Избранное - Франсиско де Кеведо
Шрифт:
Интервал:
Закладка:
Что ж подумала служанка, которая была родом из Галисии,[116] когда услышала мой возглас: «Эй, спасайся, кто как может!»? Она решила, что все это правда и я хочу предупредить ее об опасности. Тут бросается она бежать, в смятении запутывается в собственных юбках и катится вниз головой по всей лестнице, пролив олью и перебив тарелки; с криком выбегает на улицу, говоря всем, что медведь задирает человека, и, как я ни торопился, несясь вслед за ней, уже застал всех соседей в сборе. Все спрашивали, где медведь, и даже после того, как я объяснил им, что все произошло от невежества служанки, ибо то, что я говорил, относилось к комедии, никто из них мне не поверил.

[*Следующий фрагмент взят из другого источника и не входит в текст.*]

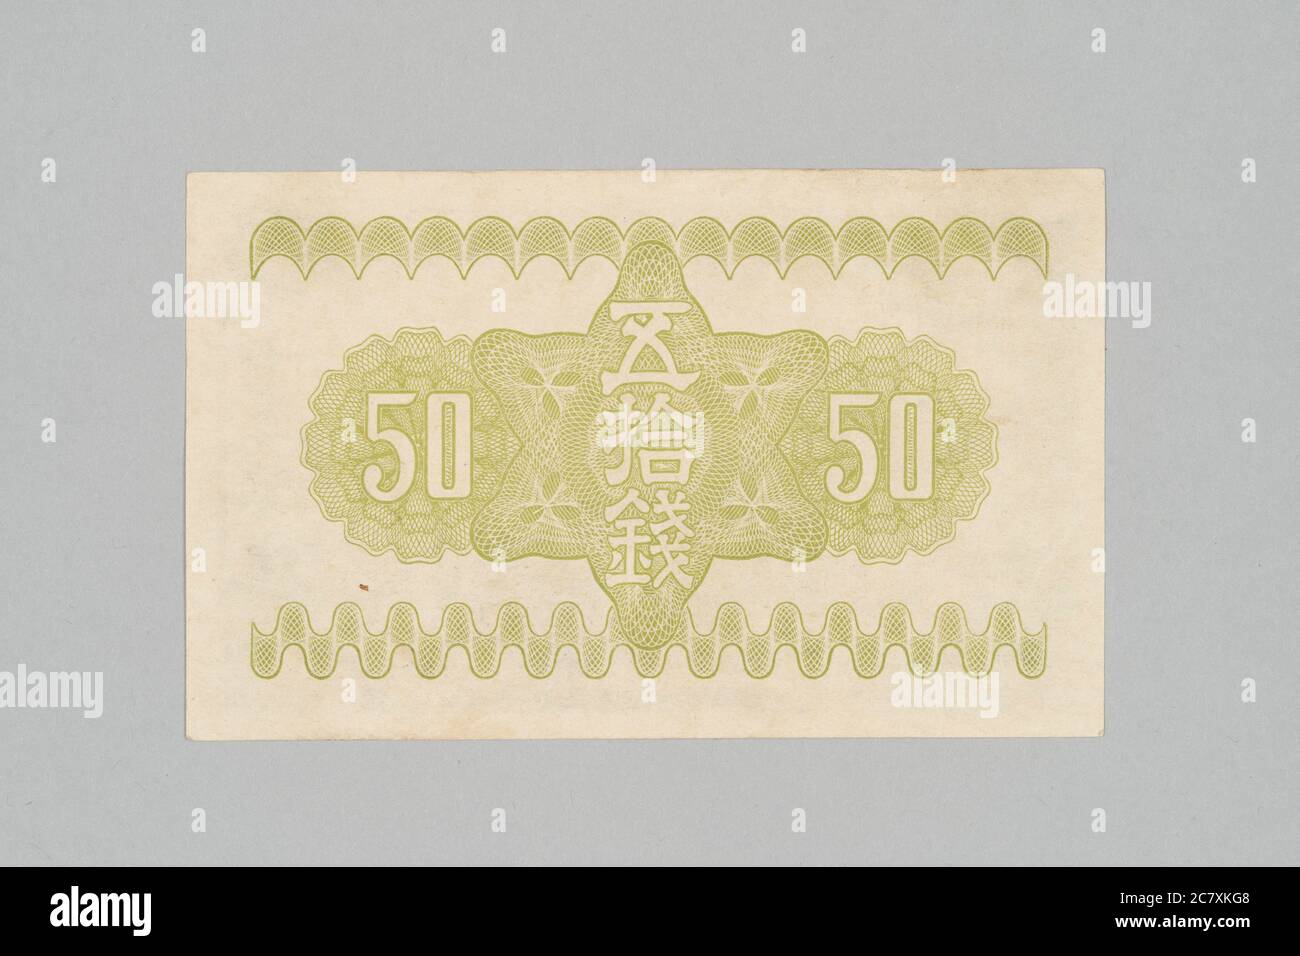 Backside of Japanese banknote 50 sen, Mt. Fuji design, Private Collection Stock Photo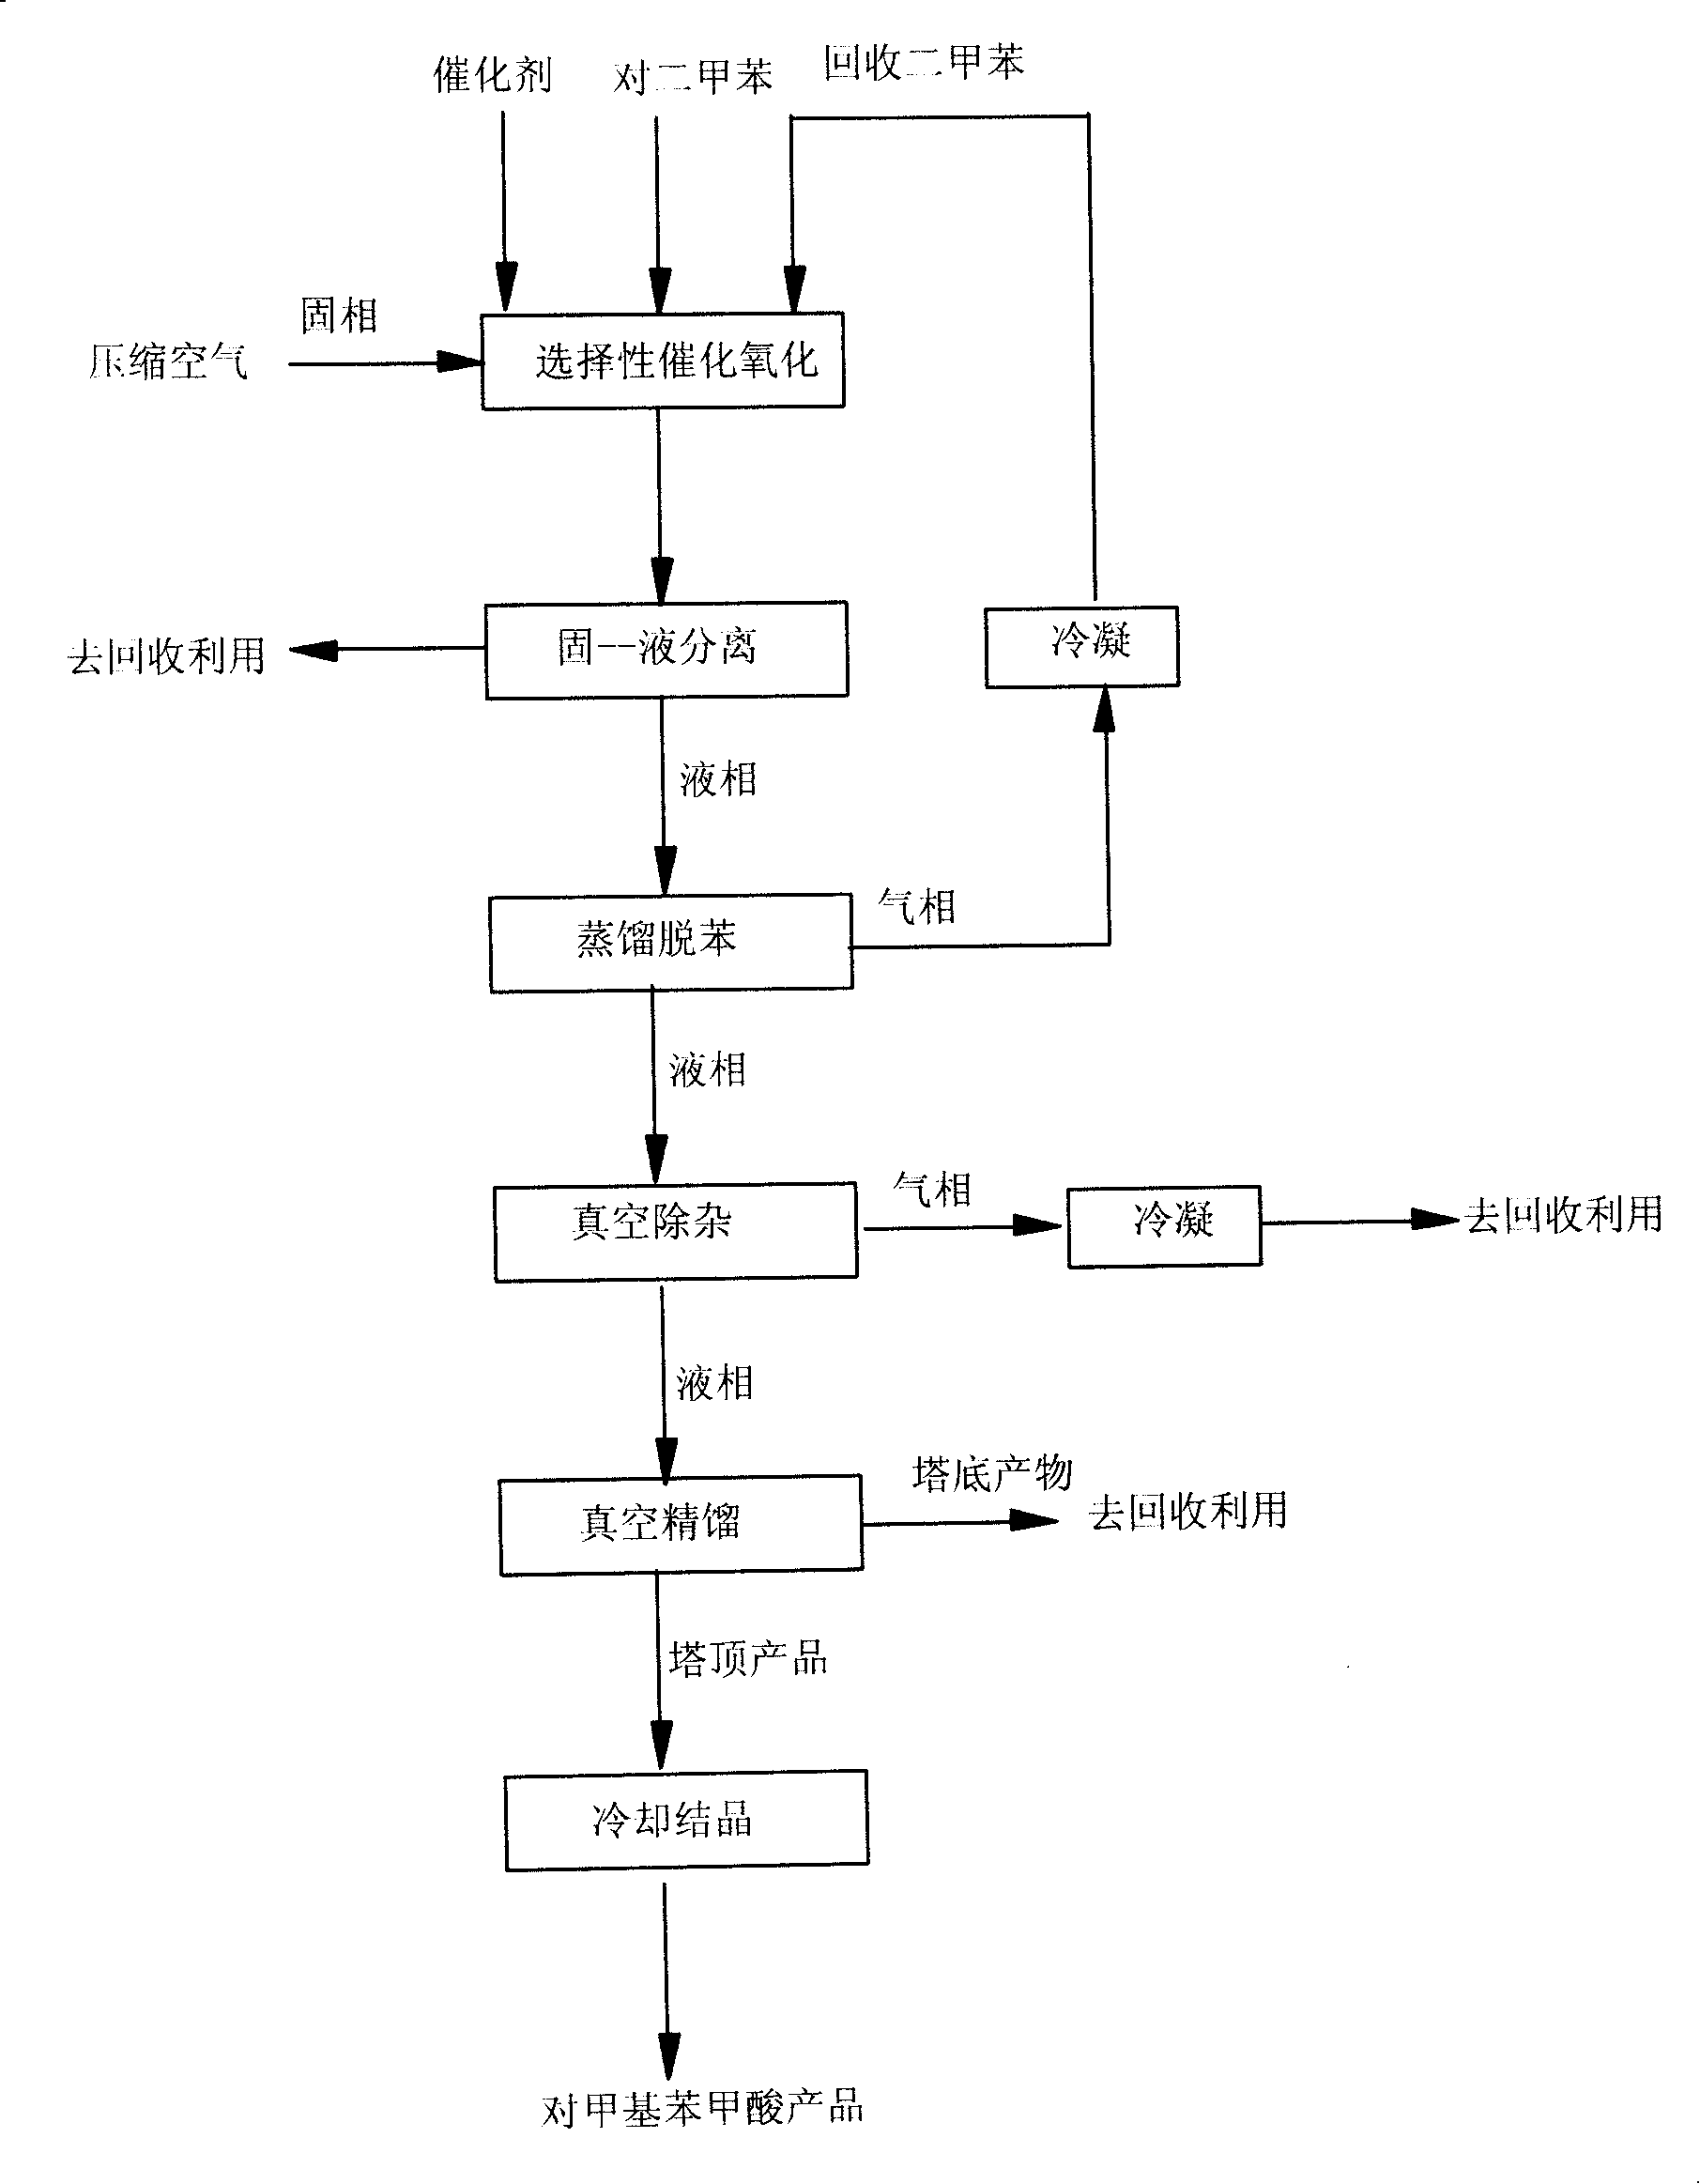 Process for producing methyl benzoic acid by paraxylene

В этот день я так и не пообедал. Об этом узнали мои товарищи по труппе, и сплетня о медведе пошла по всему городу. Такие вещи случались со мною неоднократно. Пока продолжал я заниматься поэзией, от неприятностей отбоя не было. Случилось однажды, что к директору моей труппы – все они этим кончают, – узнав, что в Толедо дела его шли хорошо, приступили некие люди с требованием уплатить какой-то долг. Он был посажен в тюрьму, и после этого труппа наша распалась и каждый пошел своей дорогой. Я, говоря по правде, хоть и приставали ко мне мои товарищи, желая ввести меня в другие труппы, только и думал, как бы поразвлечься, поскольку одет я был хорошо и денежки у меня водились, а к подобной профессии я больше не стремился, ибо работа моя у них была вызвана только жестокой необходимостью Я распростился со всеми, они уехали, а я, решив, что заживу прилично, как только перестану быть бродячим комедиантом, сразу попал – да простит меня ваша милость – в обожатели при монастырской решетке, или, говоря яснее, стал покушаться на роль папаши антихриста,[117] или, что все равно, воздыхателя при монахинях. Мне представился случай влипнуть в эту кашу потому, что я связался с одной черницей, по просьбе которой сочинил множество рождественских стихов и которая влюбилась в меня на представлении действа в праздник тела Христова, где я исполнял роль евангелиста Иоанна. Ухаживала эта монахиня за мной самым старательным образом. Однажды она сказала мне, что единственно, чем она расстроена, так это тем, что я стал актером. Сказано это было потому, что я наврал ей, будто я сын весьма знатного дворянина, и тем самым внушил ей сострадание. Наконец я решился написать ей следующее письмецо.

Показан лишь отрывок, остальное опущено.